Memasang api lampu |
Seorang orang
tua kampung berdiri, beliau menyarankan agar dua drum saja sudah cukup. Beliau
dengan bijaknya mengatakan bahwa perlu dilakukan penghematan. Dan terjadilah
perdebatan dengan pemuda. Para pemuda merasionalkan
bahwa tidak mungkin dapat memasang tuntul di lapangan jika hanya dua drum.
Seorang pemuda
bangkit, nampaknya dia sudah kesal dengan perdebatan itu. “Tak masalah cuma dua
drum yang disediakan, yang penting jangan persalahkan kami jika tuntul hanya
dipasang dua malam,” katanya tegas kemudian duduk kembali.
Suasana hening
sejenak, kemudian sang orang tua kampung yang bicara tadi tampil kembali. “Itu
warning, tak mungkin juga kita hanya memasang tuntul dua malam. Jadi kmi sudah
sepakat bahwa kami akan menyumbangkan satu drum lagi,” katanya.
Suasana jadi
sumringa, tepuk tangan menggema. Rupanya orang tua kampung yang dikenal sebagai
pengusaha itu sudah bicara dengan pengusaha kampung lainnya dan mereka sepakat
untuk menyumbang satu drum.
Persoalan
minyak tanah selesai. Sekarang harus memikirkan bagaimana bahan lainnya. Untuk
sementara kami tak memikirkan dulu persoalan lain yang sebenarnya jadi pokok
masalah juga. Kami bersepakat saat itu juga ke kebun di Molayak, mengumpulkan kayu
dan bambu yang akan dijadikan patok maupun model tuntul nantinya.
Membuat desain |
Udara panas,
nyiur yang masih pendek sudah pada berbuah deras, kelapa mudanya pasti enak, pasti
akan menghilangkan dahaga kami di siang yang terik ini.

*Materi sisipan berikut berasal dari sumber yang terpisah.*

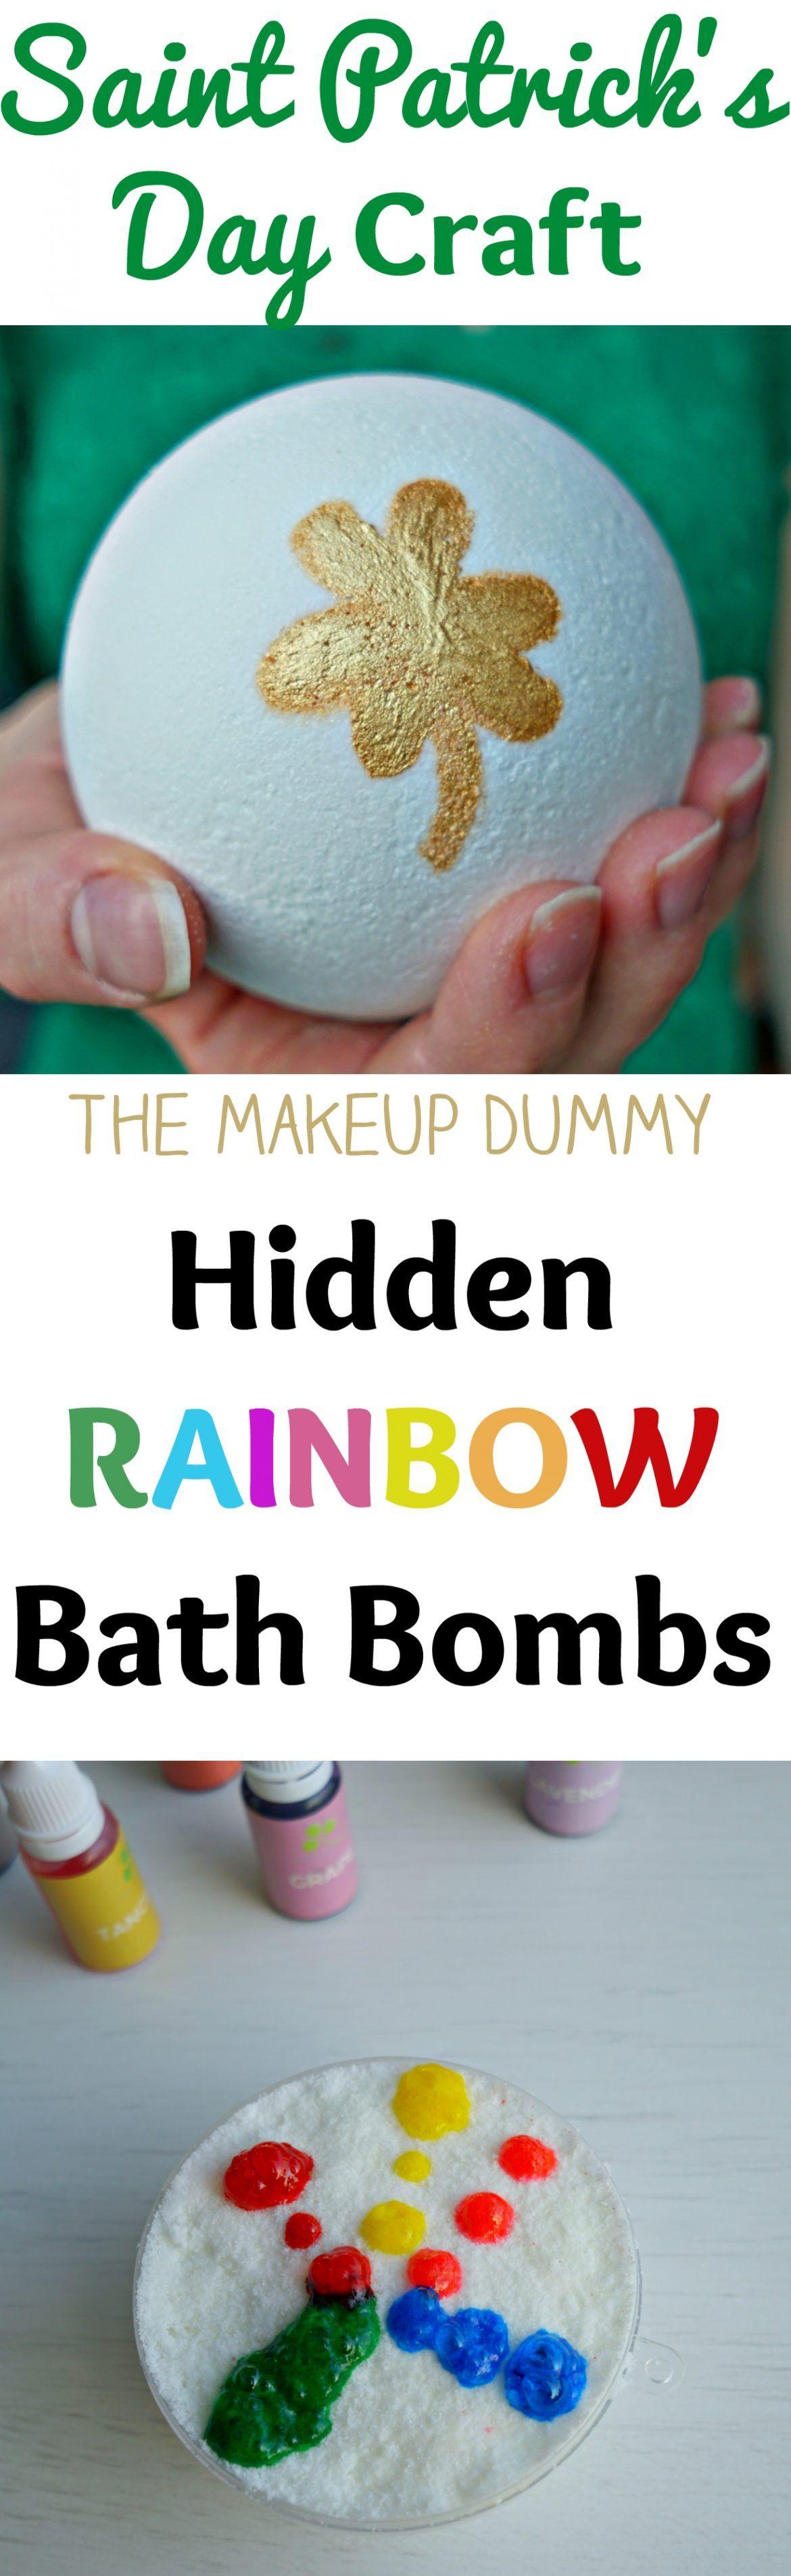 Diy Hidden Rainbow Bath Bomb Review Liquid Soap Dye Recipe Rainbow Bath Bomb Bath Bombs Bath Bomb Gift

Namun apa daya, kami puasa.
Maka, yang bisa kami lakukan hanya mengambil beberapa buah untuk dibawa pulang—urusan
kawan-kawan remaja putri yang akan meraciknya untuk suguhan buka puasa nanti.
Patok dan
bambu sudah kami kumpulkan dan sudah dibawa ke lapangan. Masalah berikutnya,
kami masih butuh botol-botol kecil minuman untuk tempat meletakan minyak tanah—kami
memperhitungkan minimal 10.000 buah botol, juga perlu sumbu serta loga-loga,
serta perlu tali labrang untuk menghubungkan antar patok—kalau hanya digunakan
tali plastic takutnya akan terbakar.
Ternyata benar
apa yang dikatakan orang bijak: Lakukan apa yang dapat kamu lakukan maka Tuhan
akan menggerakan apa yang tidak bisa kamu lakukan!
Kesadaran
masyarakat muncul ketika melihat kami bekerja. Maka masing-masing menyumbangkan
apa yang bisa dia sumbangkan. Dan komplitlah semuanya.
Di malam H-3,
Motoboi Kecil benar-benar dikepung asap. Namun tak mengurangi antusis
masyarakat untuk menontoni hasil kerja kami.
Itu cerita
tahun 2006. Pada tahun 2011, hal yang sama diulang kembali. Kali ini aku tak
ikut-ikutan, teman-teman Remaja Masjid yang melakukan. Aku yakin kendalanya
sama.
Sekarang,
ketika minyak tanah melonjak sampai Rp 5000,-/liter, rasanya melakukan kegiatan
semacam ini tak mungkin lagi. Tuntul pun tinggal kenangan.